Of the whale’s sense organs, the auditory ones are the best developed. Because the right and left ears are separated from the skull bones by air chambers filled with foam, whales can determine accurately the direction from which a sound is coming. Sound is transmitted to the inner ear through a narrow auditory canal and middle ear ossicles as well as through the lower jaw, which is innervated by a branch of the trigeminal nerve. The tympanic membrane resembles a folded umbrella. Taste, touch, and skin sensitivity are well developed. Vibrissae located in the head are the whale’s tactile organs. Vision plays a subordinate role. The eyes are small, with a spherical crystalline lens and thick, flattened cornea. The tear glands have virtually disappeared. In the course of evolution, whales have lost their sense of smell.

The order of whales is divided into two suborders: the toothless, baleen, or whalebone (Mysticeti) and toothed (Odontoceti) whales. The toothless whales include three families: right whales (Balaenidae), rorquals or finback whales (Balaenopteridae), and gray whales (Eschrichtiidae). The toothed whales are subdivided into four families: sperm whales (Physeteridae), beaked whales (Ziphiidae), dolphins and porpoises (Delphinidae), and river dolphins (Platanistidae).

In the oceans of the world from the arctic to the antarctic there are 38 genera of whales, including 83 species. There are 25 genera in Soviet waters, including 32 species (mostly dolphins). Many whales migrate regularly within the northern and southern hemispheres, going to warm waters in winter to reproduce and to cold waters in summer to fatten. Between 1924 and 1969 about 11,000 whales were tagged by scientists. The experiment revealed that toothless whales travel about 5,000–10,000 km. Normally, however, they do not cross the equator, and they return to the same localities.

Toothed whales feed primarily on fish and cephalopod mollusks, whereas the main food of toothless whales is planktonic crustaceans, which are filtered through the whalebone. Toothed whales have from two to 240 teeth.

Whales usually give birth to one large calf once every two years. (The calf may be one-third to one-half the length of the mother’s body. Some whales give birth more often because they are able to mate even before the period of lactation is over.) The lactation period ranges from four months in small dolphins to one year in sperm whales. Almost three times richer in protein and ten times richer in fat than cow’s milk, whale milk helps the young whales to develop quickly.

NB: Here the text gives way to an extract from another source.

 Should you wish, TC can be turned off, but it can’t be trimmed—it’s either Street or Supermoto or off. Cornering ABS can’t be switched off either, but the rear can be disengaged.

Sexual maturity is reached in two to six years. The life span ranges from 30 to 50 years. Whales travel in families or schools.

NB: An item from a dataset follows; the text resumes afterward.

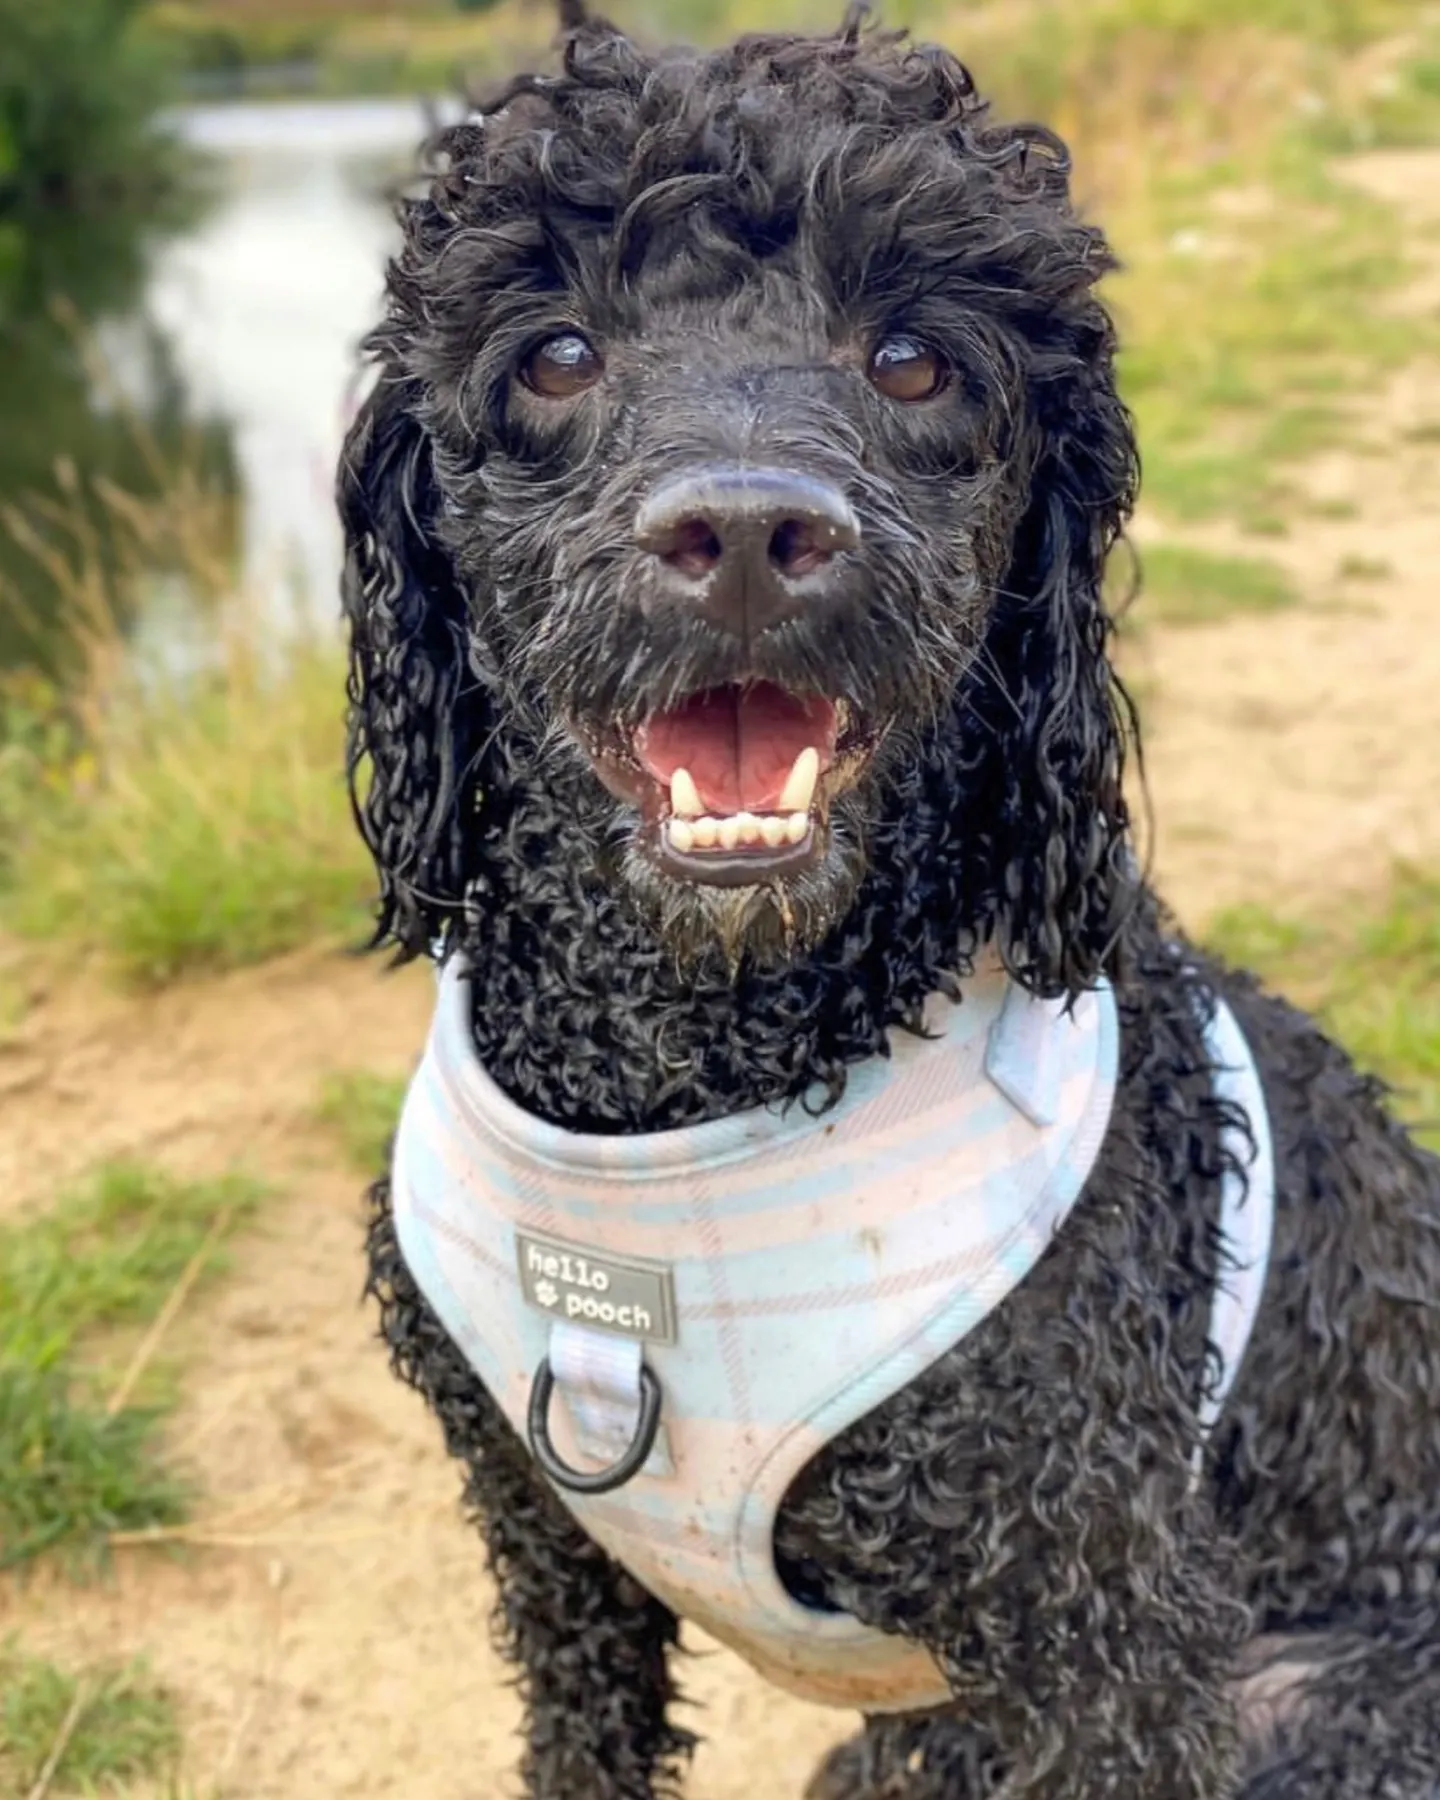 A black Labradoodle smiling adorably at the camera

The ancestors of the whales (probably predatory Creodonta) evolved into aquatic animals almost 60 million years ago. A total of 127 genera of extinct whales are known. Fossil remains of the most ancient whales (archaeocetes) are known from the Lower Eocene epoch. Dating from the Upper Eocene are fossils of primitive toothed whales (Squalodontidae), and from the Middle Oligocene, fossils of the most ancient toothless whales (Cetotheriidae). The right and rorqual whale families appeared in the Miocene epoch. In the USSR fossil whales have been found in Lower Oligocene strata in the Caucasus and in Upper Miocene strata in Moldavia, the Crimea, and the Caucasus.

Whaling is regulated by the International Whaling Commission. Because of the complete ban on hunting certain toothless whales, the number of them has tended to increase.

REFERENCES

Sleptsov, M. M. Kitoobraznye dal’nevostochnykh morei, 2nd ed. Vladivostok, 1955.
Tomilin, A. G. Kitoobraznye. Moscow, 1957. (Zveri SSSR i prilezhashchikh stran, vol. 9.)
Tomilin, A. Kitoobraznye fauny morey SSSR. Moscow, 1962.
Zemskii, V. A. Kity Antarktiki. Kaliningrad, 1962.
Zhizn’ zhivotnykh, vol. 6. Moscow, 1971.
Iablokov, A. V., V. M. Bel’kovich, and V. I. Borisov. Kity i del’finy. Moscow, 1972.
Slijper, E. J. Whales. London, 1962.
Whales, Dolphins, and Porpoises. Edited by K. S. Norris. Berkeley-Los Angeles [Calif.] 1966.